Hamburgisches Oberverwaltungsgericht:
Beschluss vom 5. November 2008
Aktenzeichen: 4 So 134/08

(Hamburgisches OVG: Beschluss v. 05.11.2008, Az.: 4 So 134/08)

Tenor

Die Beschwerde gegen den Beschluss des Verwaltungsgerichts Hamburg vom 25. August 2008 wird zurückgewiesen.

Gründe

Über die Beschwerde entscheidet der Senat.

Der nach §§ 56 Abs. 2, 33 Abs. 8 Satz 1 RVG an sich als Einzelrichter zuständige Berichterstatter des Senats hat das Verfahren gemäß §§ 56 Abs. 2, 33 Abs. 8 Satz 2 RVG mit Beschluss vom 4. November 2008 wegen grundsätzlicher Bedeutung der Rechtssache auf den Senat übertragen.
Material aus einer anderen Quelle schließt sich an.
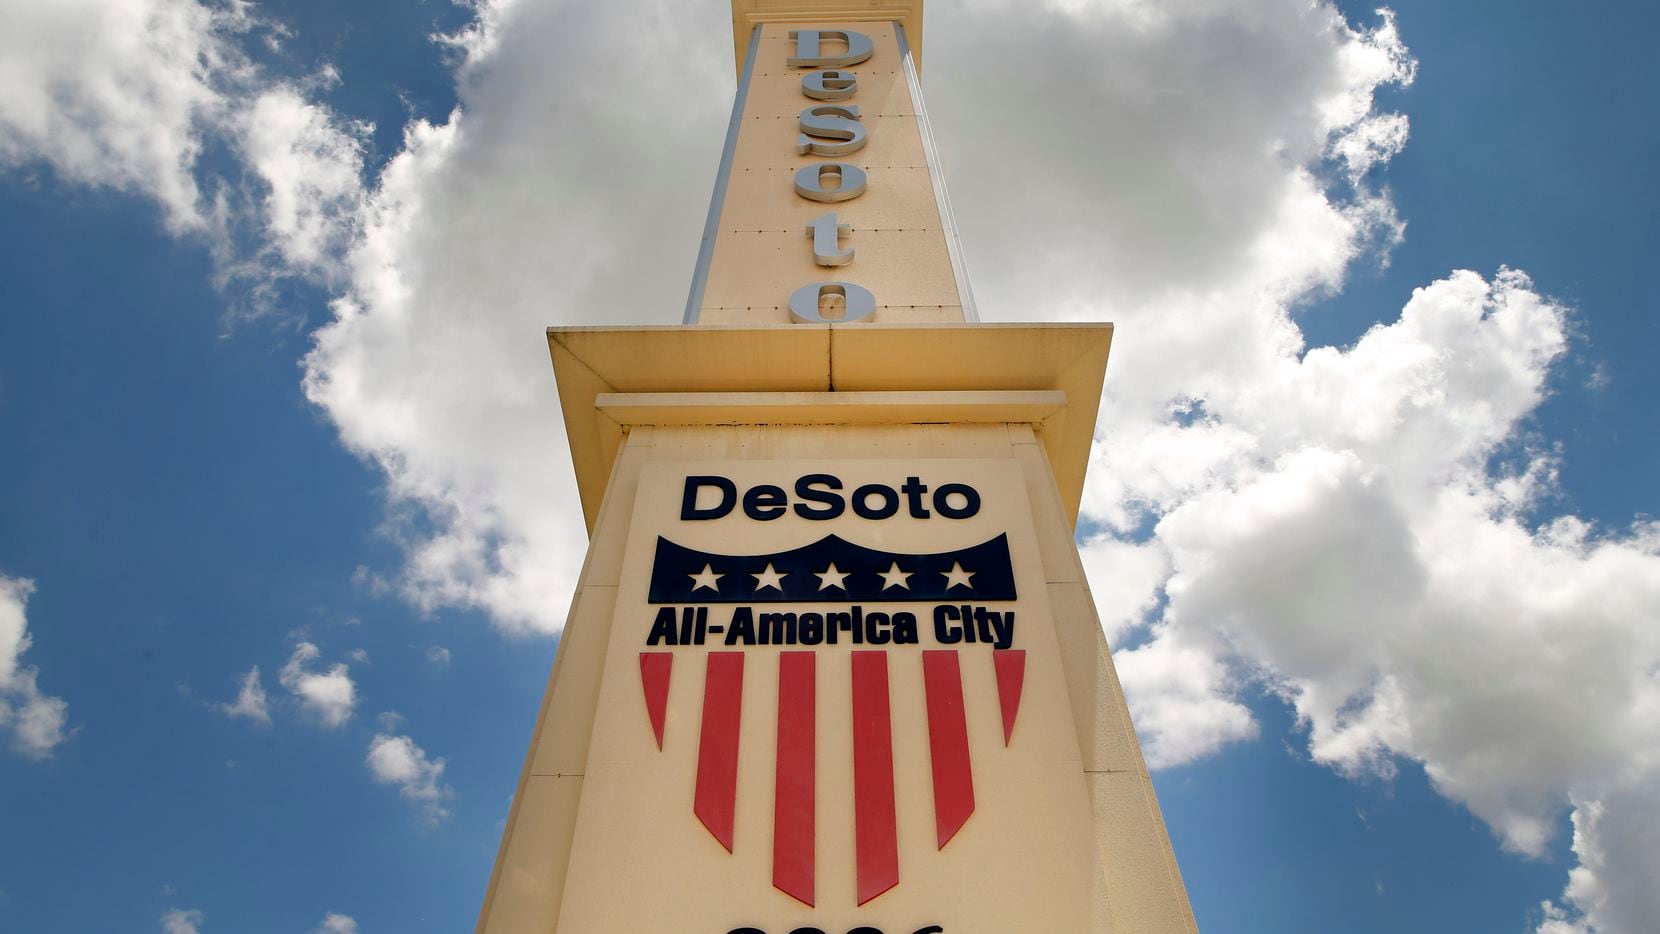 A large obelisk greets people to the City of Desoto at the intersection of E. Pleasant Run...

Die zulässige und fristgerecht eingegangene Beschwerde bleibt ohne Erfolg. Mit ihr wendet sich die bevollmächtigte Rechtsanwältin der Klägerin, die diese bereits im Verwaltungsverfahren vertreten und die ihr im Rahmen der Bewilligung von Prozesskostenhilfe für ein inzwischen durch Vergleich abgeschlossenes Klageverfahren auf Erteilung einer Aufenthaltserlaubnis beigeordnet worden ist, gegen die Anrechnung einer anteiligen Geschäftsgebühr (225,75 Euro) auf die ihr aus der Staatskasse zu erstattende Vergütung (1,3 Verfahrensgebühr in Höhe von 284,70 EUR, 1,2 Terminsgebühr in Höhe von 262,80 EUR, 1,0 Einigungsgebühr 201,00 Euro, Post- und Telekommunikationspauschale in Höhe von 20 EUR, insgesamt 786,50 Euro ohne Anrechung). Das Verwaltungsgericht hat die Erinnerung der Prozessbevollmächtigten der Klägerin gegen den nach Maßgabe des § 55 RVG ergangenen Beschluss des Urkundsbeamten der Geschäftsstelle vom 25. Juli 2008 mit dem angefochtenen Beschlusses zu Recht zurückgewiesen.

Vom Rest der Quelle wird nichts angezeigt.